Recovering from an Interrupted or Failed Update

If the script is interrupted during the update, such as from a loss of power or loss of network connection, then restore power or restore the network connection, whichever caused the interruption.

Updating from 4.0.1 (or later)

For Release 4.0, only updates from versions 4.0.1 and later are supported with these instructions. To update from version 4.0.0, you must re-image the system.

See the section Connecting to the DGX Console for guidance on connecting to the console to perform the update.

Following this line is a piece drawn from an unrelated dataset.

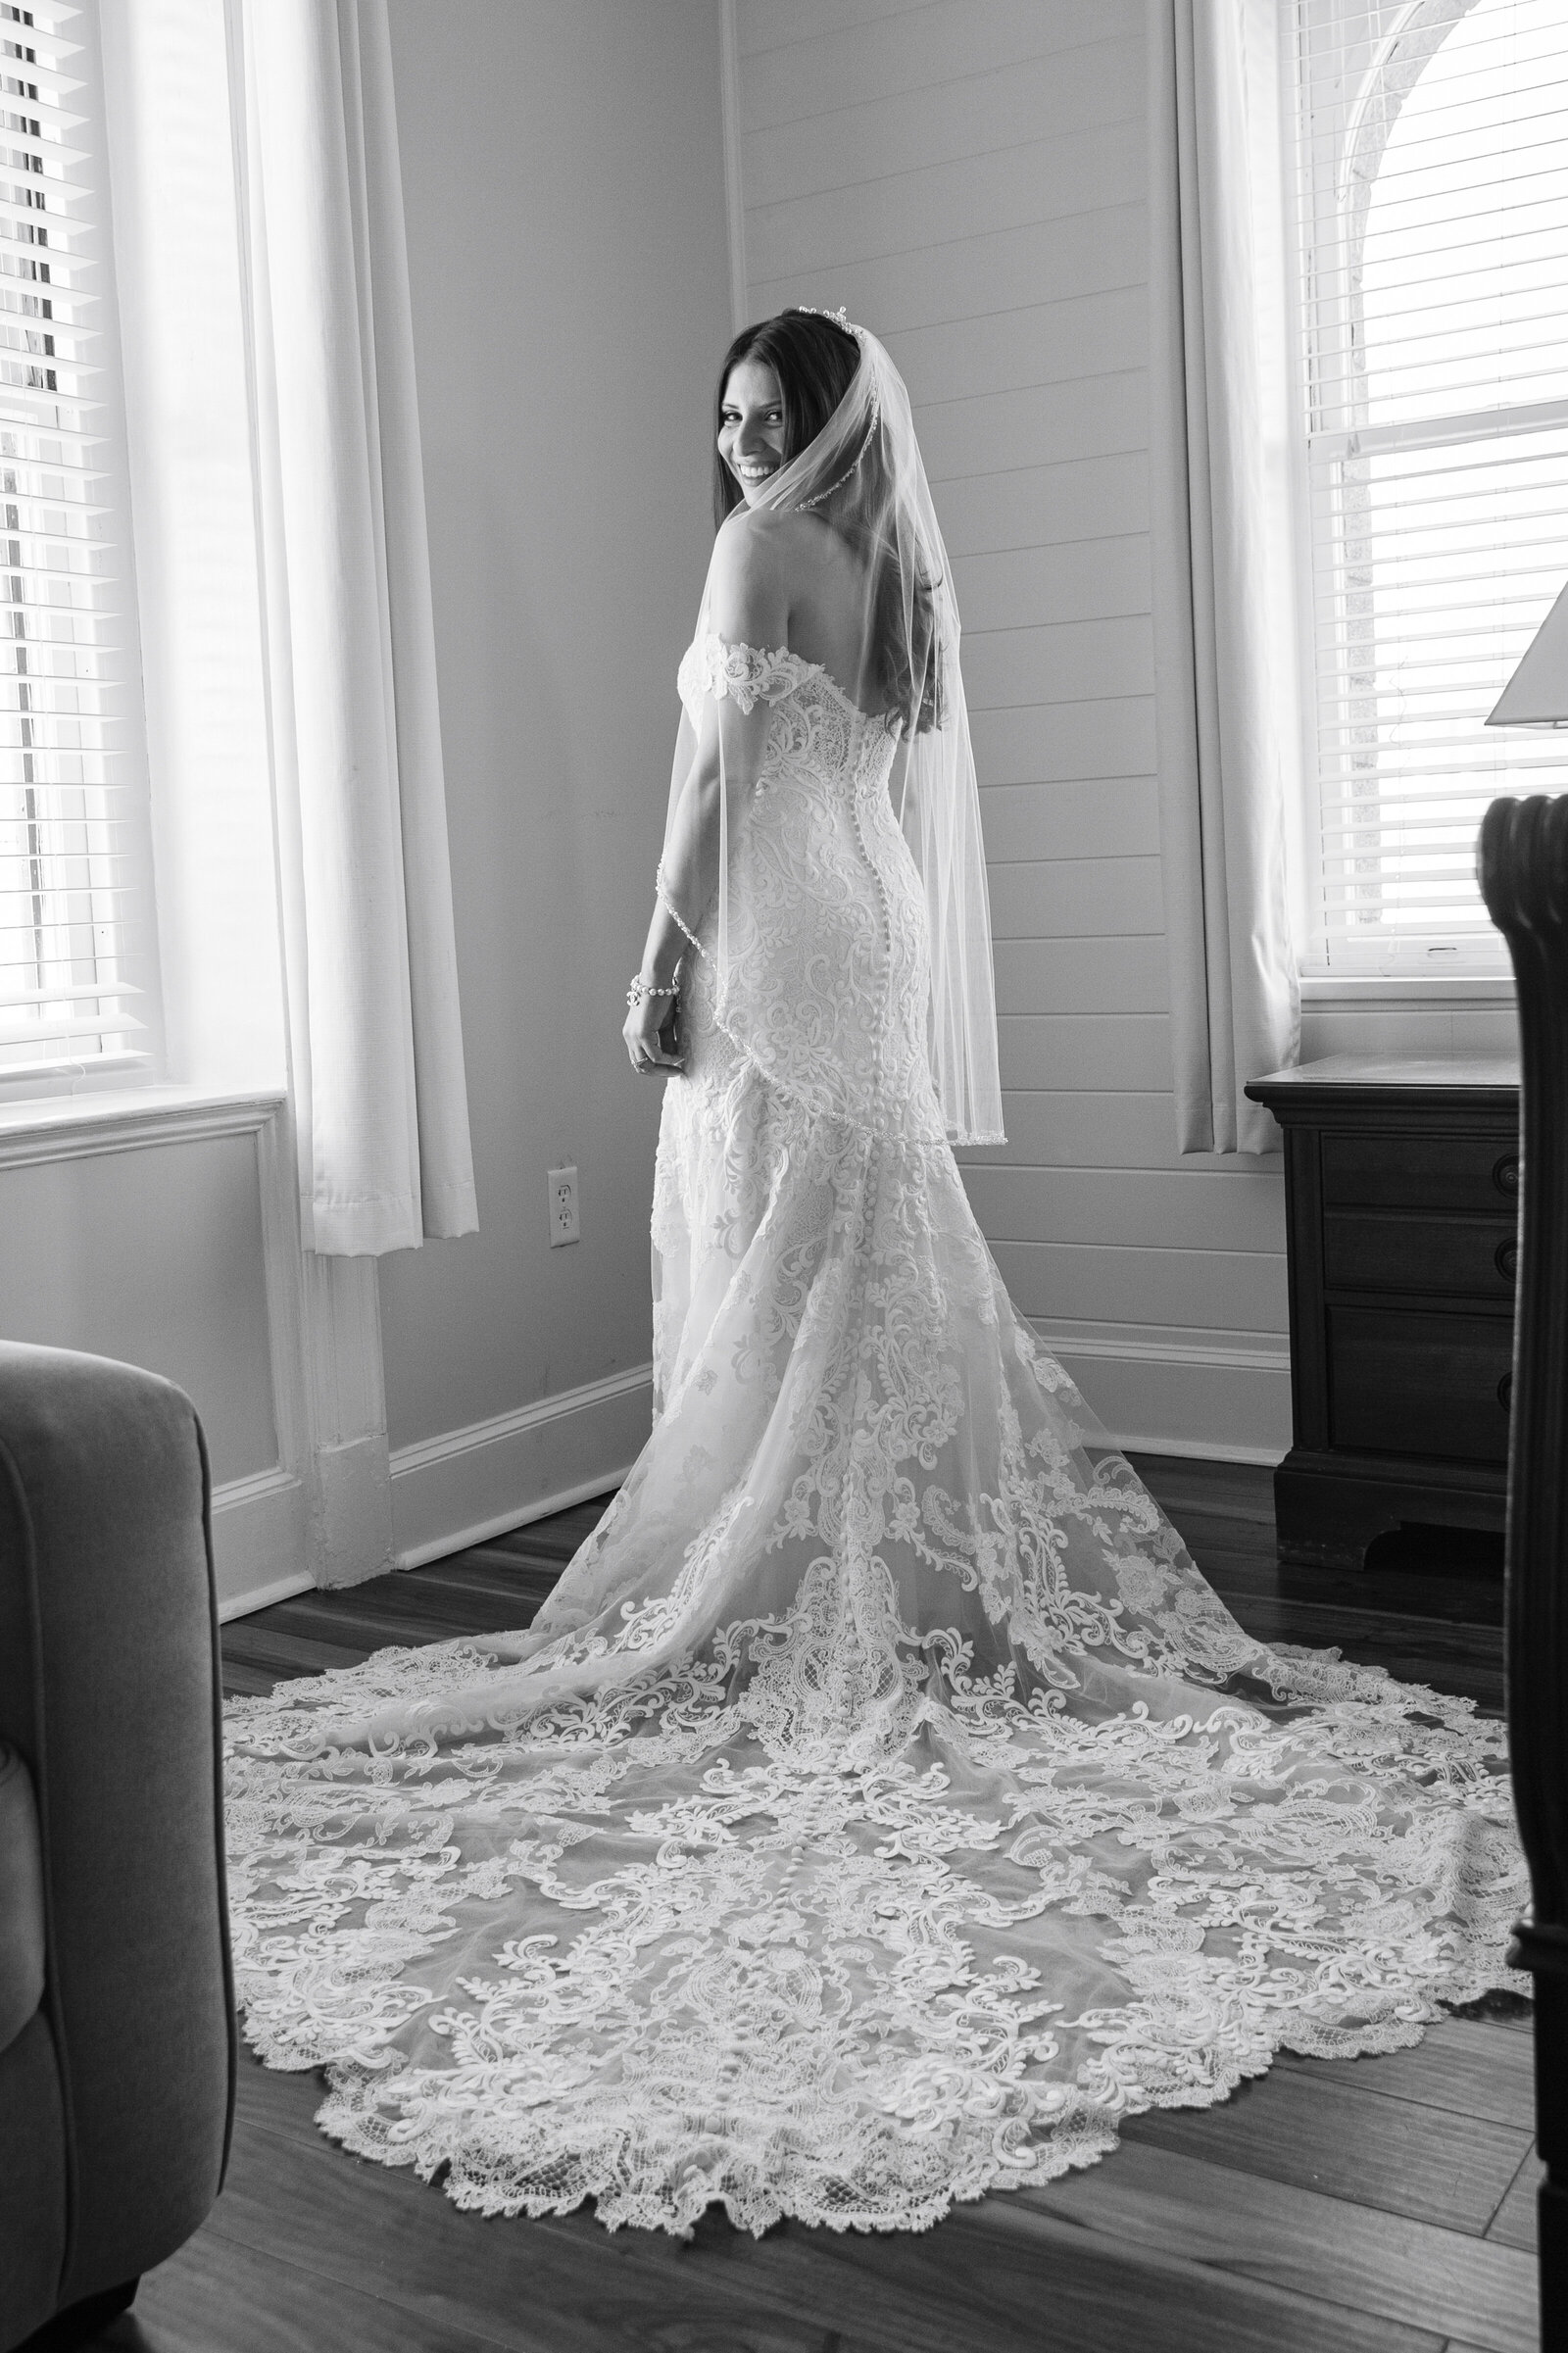 New-England-Wedding-Photographer-Sabrina-Scolari-15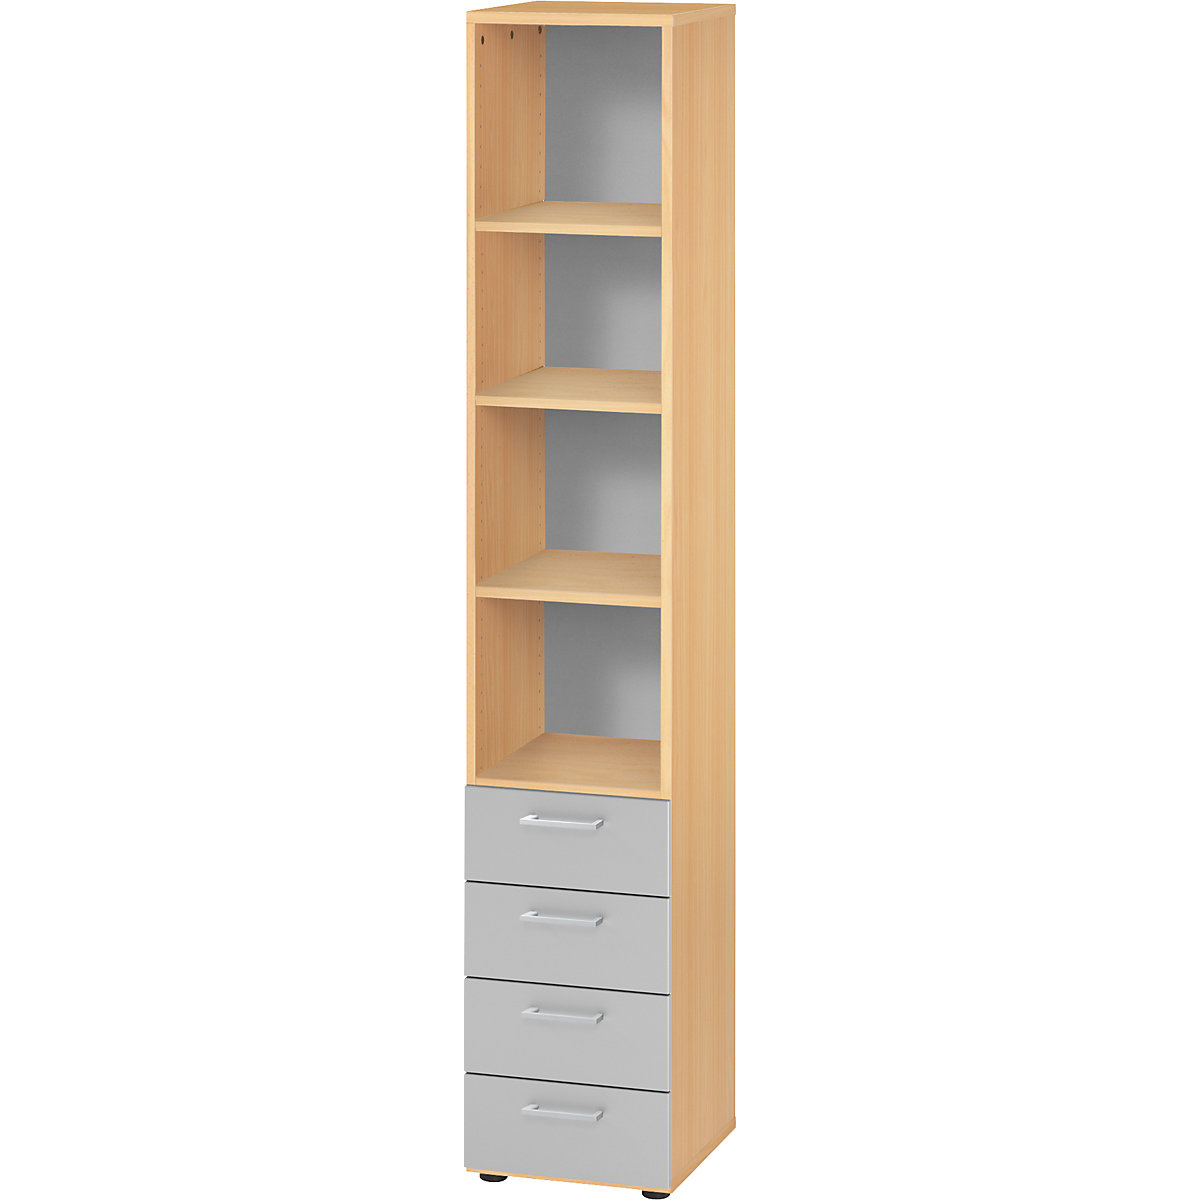 Shelf unit RENATUS – eurokraft pro, 3 shelves / 4 drawers, silver coloured, beech finish-9

Caution: These instructions update all software for which updates are available from your configured software sources, including applications that you installed yourself. If you want to prevent an application from being updated, you can instruct the Ubuntu package manager to keep the current version. For more information, see Introduction to Holding Packages on the Ubuntu Community Help Wiki.

Update Instructions
  1. If you have not already done so, verify that your DGX system can access the public repositories as explained in Verifying the DGX Server Connection to the Repositories.
  2. Update the list of available packages and their versions.
    $ sudo apt update
  3. Install the 4.1.0 components from the repository.
    $ sudo apt install -y dgx-bionic-r418+cuda10.1-repo
  4. (Optional) Skip this step to stay with the R418 package; however, to move to the R450 package, issue the following.
    $ sudo apt install -y dgx-bionic-r450+cuda11.0-repo
  5. Update the new list of packages and their versions.
    $ sudo apt update
  6. Review the packages that will be updated.
    $ sudo apt full-upgrade -s

    To prevent an application from being updated, instruct the Ubuntu package manager to keep the current version. See Introduction to Holding Packages.

  7. Upgrade to version 4.8.0.
    $ sudo apt full-upgrade

    Answer any questions that appear.

    • Most questions require a Yes or No response. When asked to select the grub configuration to use, select the current one on the system.
    • Other questions will depend on what other packages were installed before the update and how those packages interact with the update.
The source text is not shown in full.